YOUR OBJECTIVE: Verbatim output, no pictures: the lines from the beginning of the material through the line with "手把手教你用 Apifox 搞定 Mock API", both ends kept.

DATASET EXCERPT:
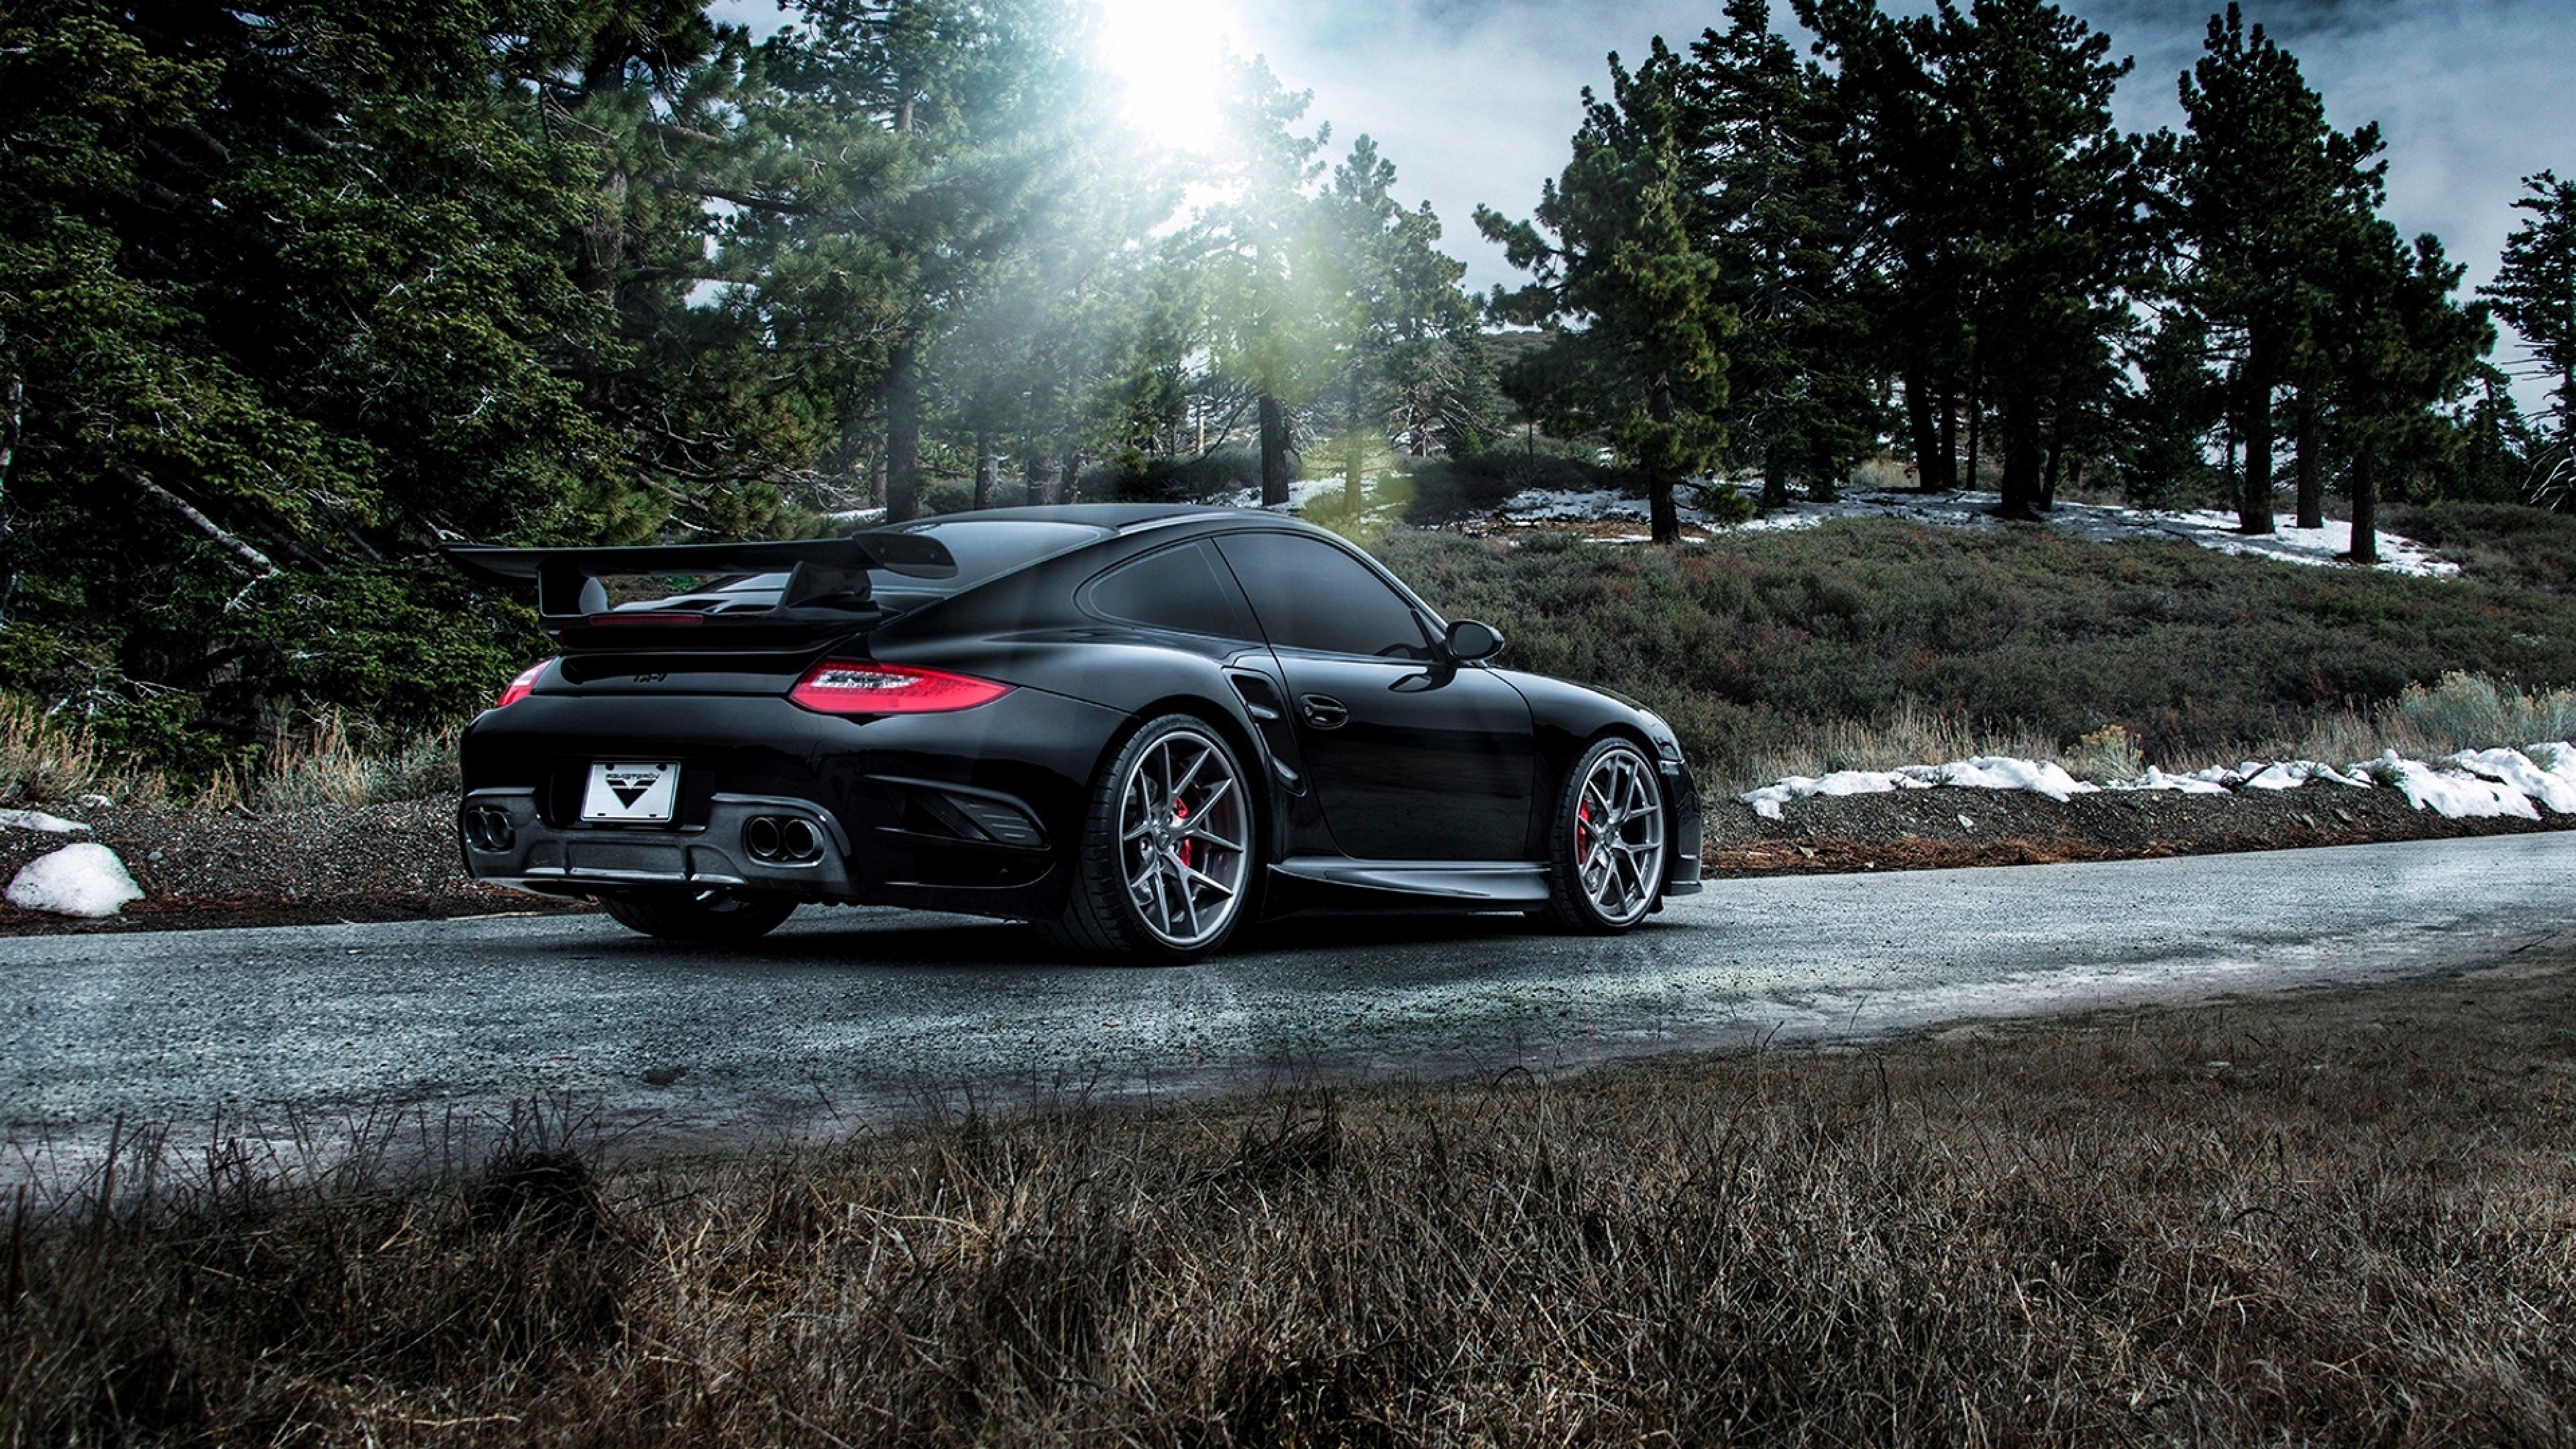 Porsche 911 Carrera Black, HD Cars, 4k Wallpapers, Images ...
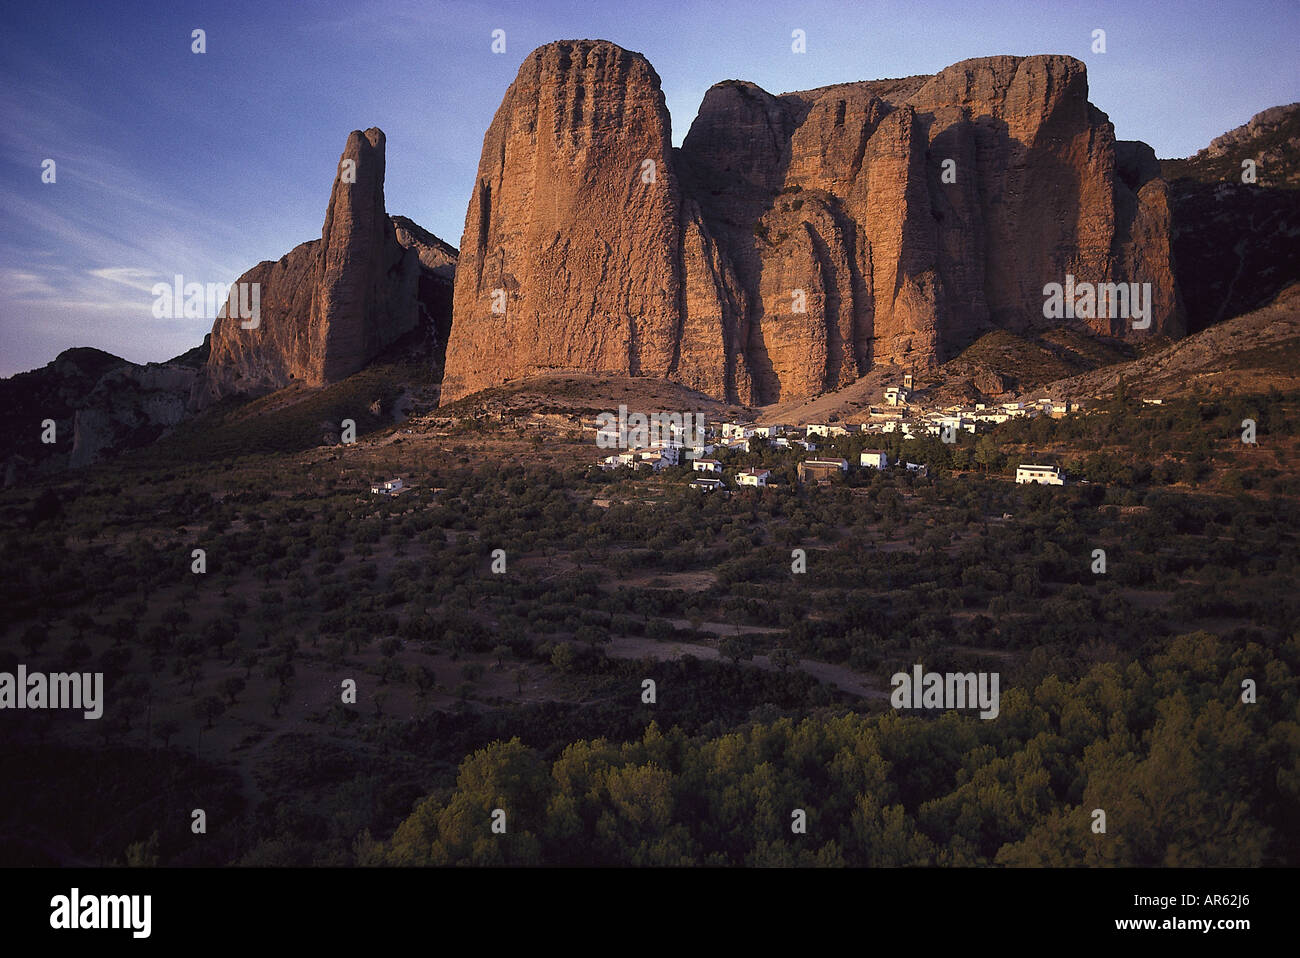 Los Mallos de Riglos, Rock formation, Village of Riglos, Pyrenees, Province of Huesca, Aragon, Spain Stock Photo
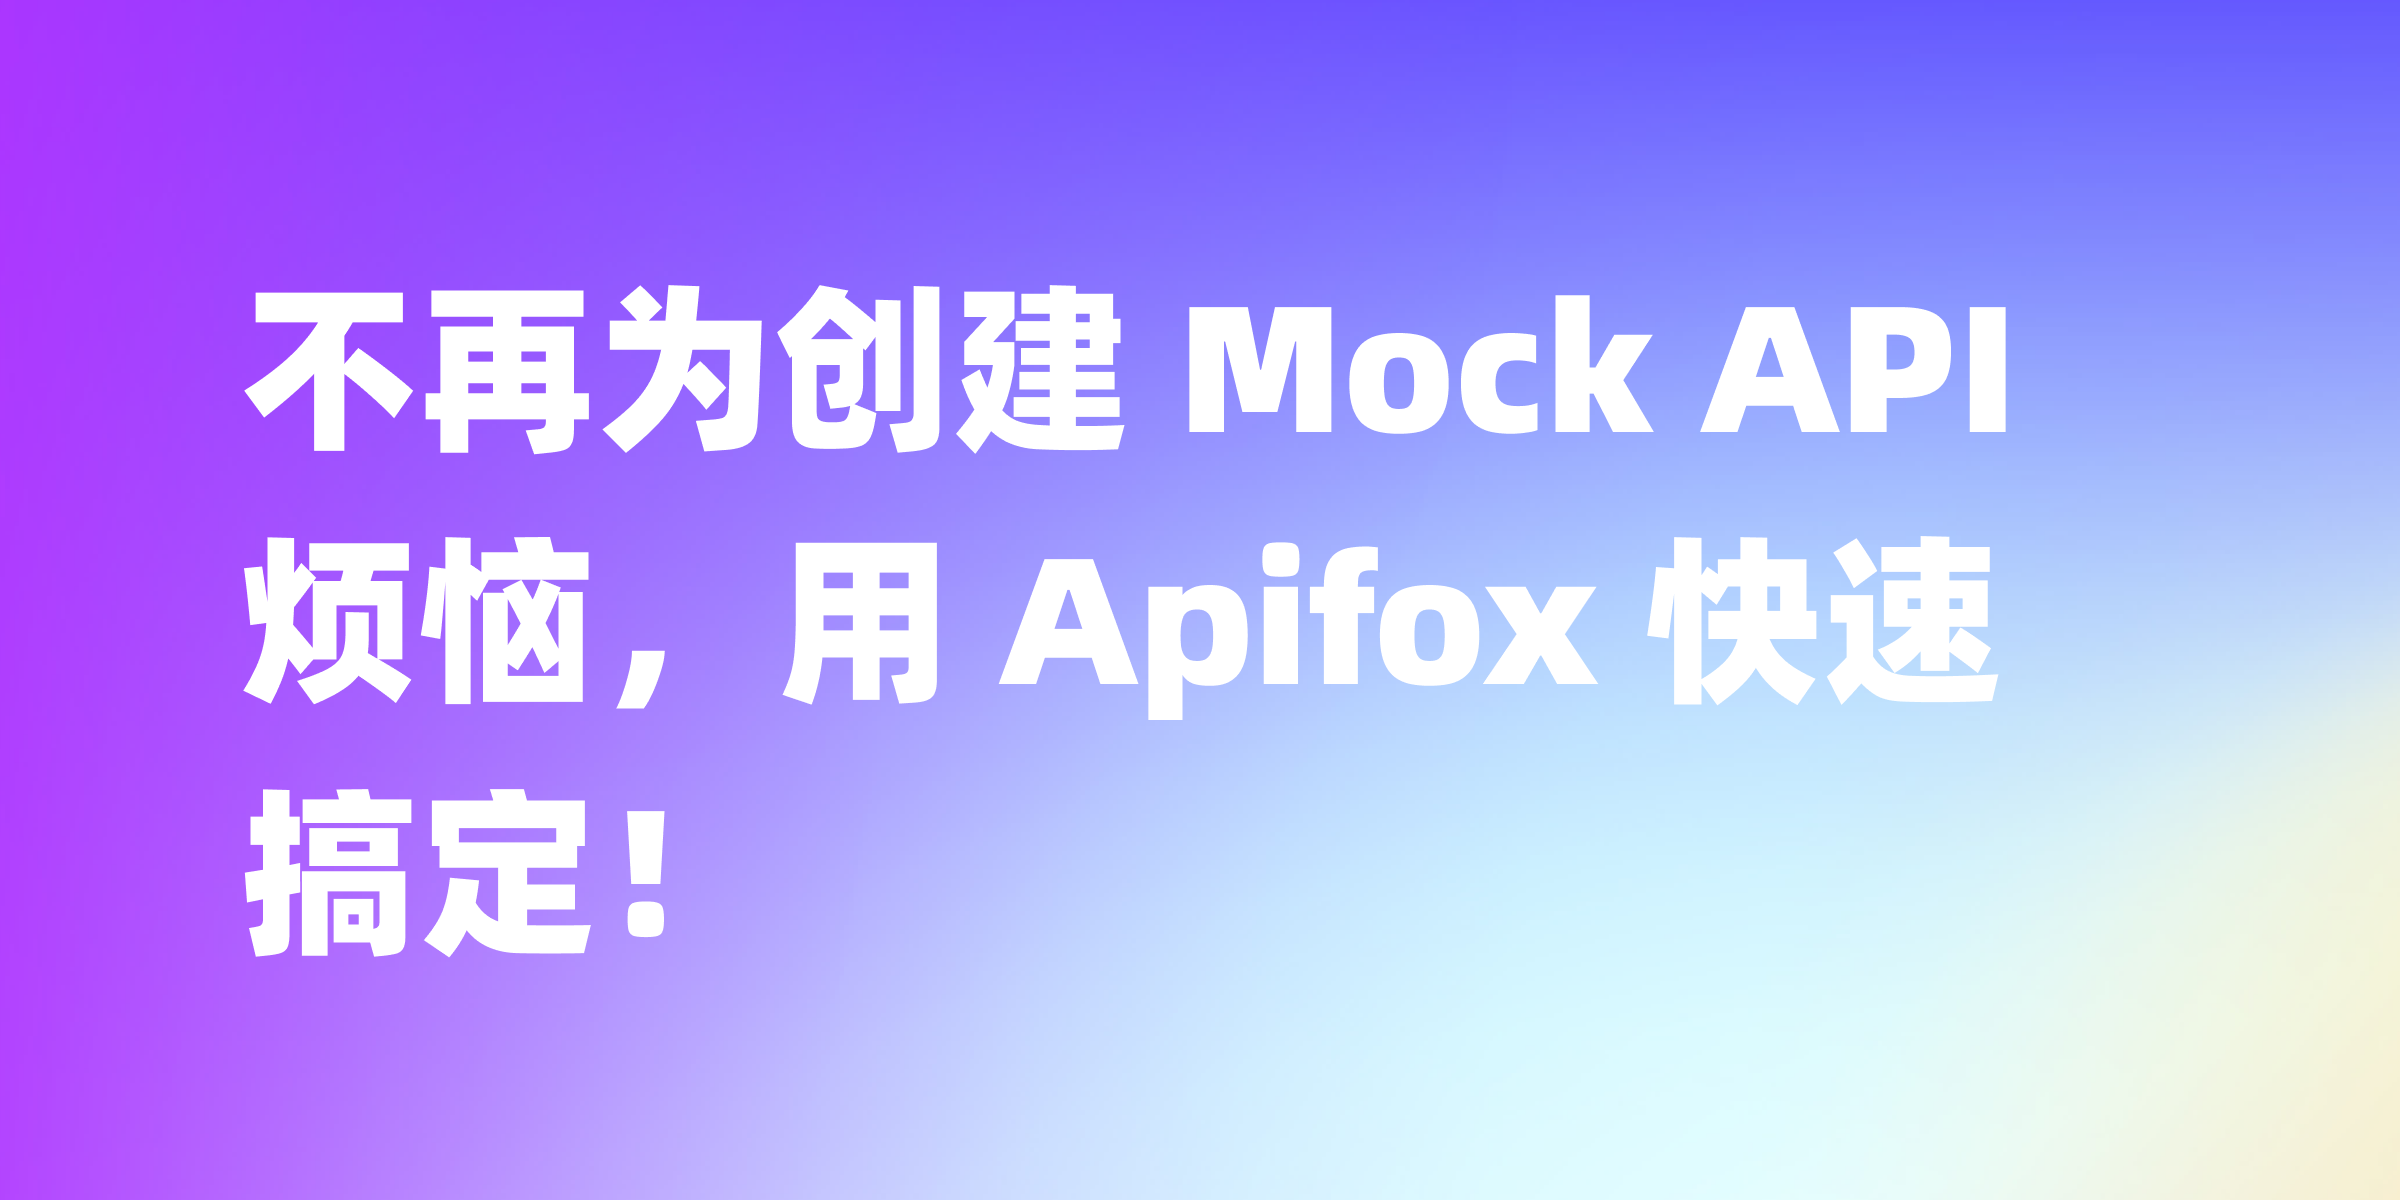 手把手教你用 Apifox 搞定 Mock API
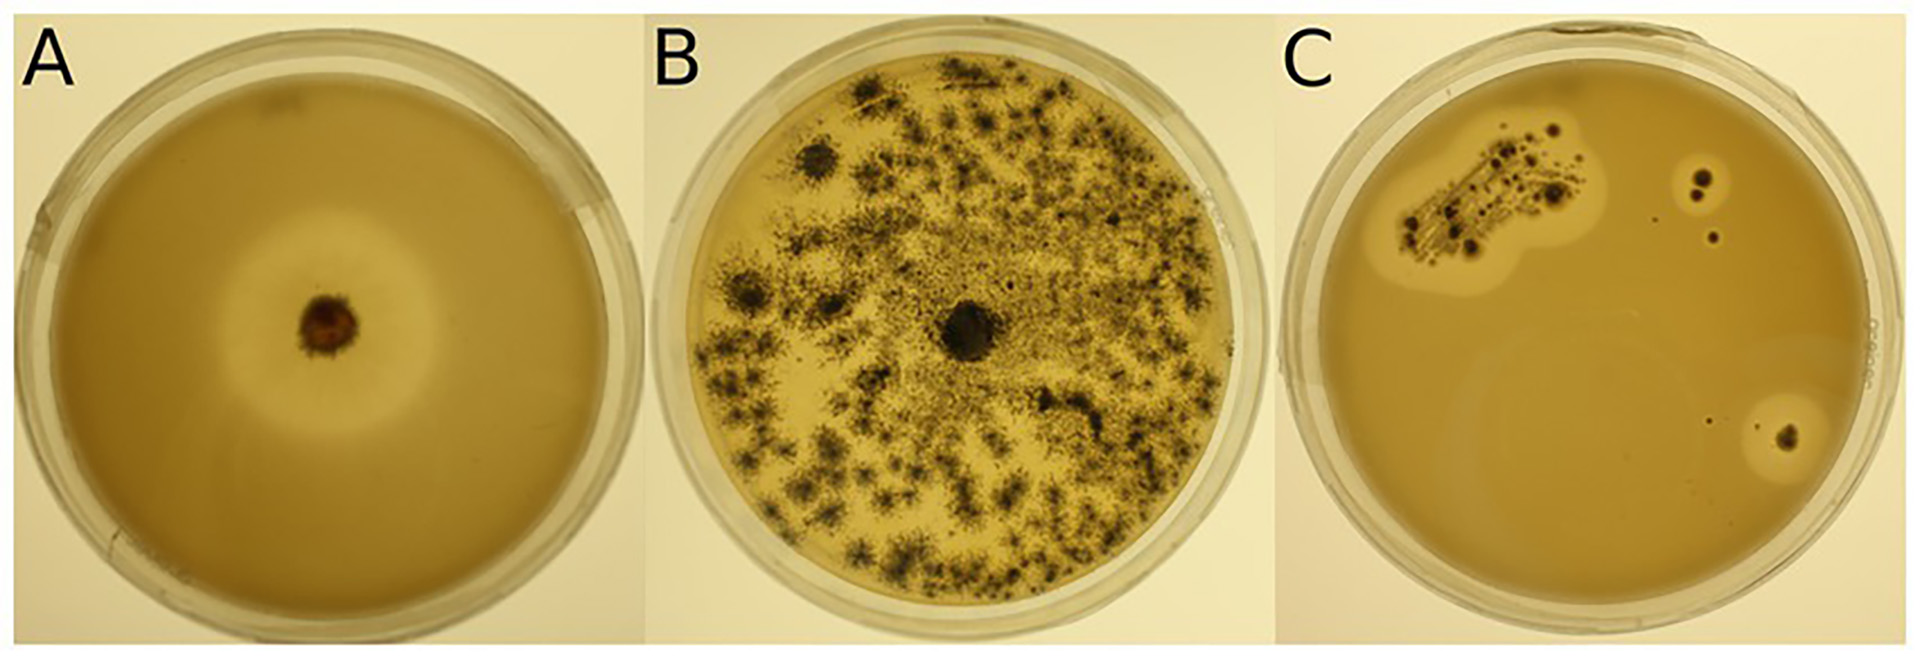 Ejemplos de placas de medio mineral más Impranil ( MM + Imp) inoculadas con cepas microbianas para la evaluación de la degradación de Impranil . (A) Foto de la cepa 943 ( Lachnellula sp.) cultivada en MM + Imp durante 7 días. (B) Foto de la cepa 1205 ( Pseudogymnoascus pannorum ) cultivada en MM + Imp durante 14 días. (C) Foto de la cepa 985 ( Amycolatopsis sp.) cultivada en MM + Imp durante 28 días. (Crédito: Beat Frey)

RESPONSE:
 Porsche 911 Carrera Black, HD Cars, 4k Wallpapers, Images ...
 Los Mallos de Riglos, Rock formation, Village of Riglos, Pyrenees, Province of Huesca, Aragon, Spain Stock Photo
 手把手教你用 Apifox 搞定 Mock API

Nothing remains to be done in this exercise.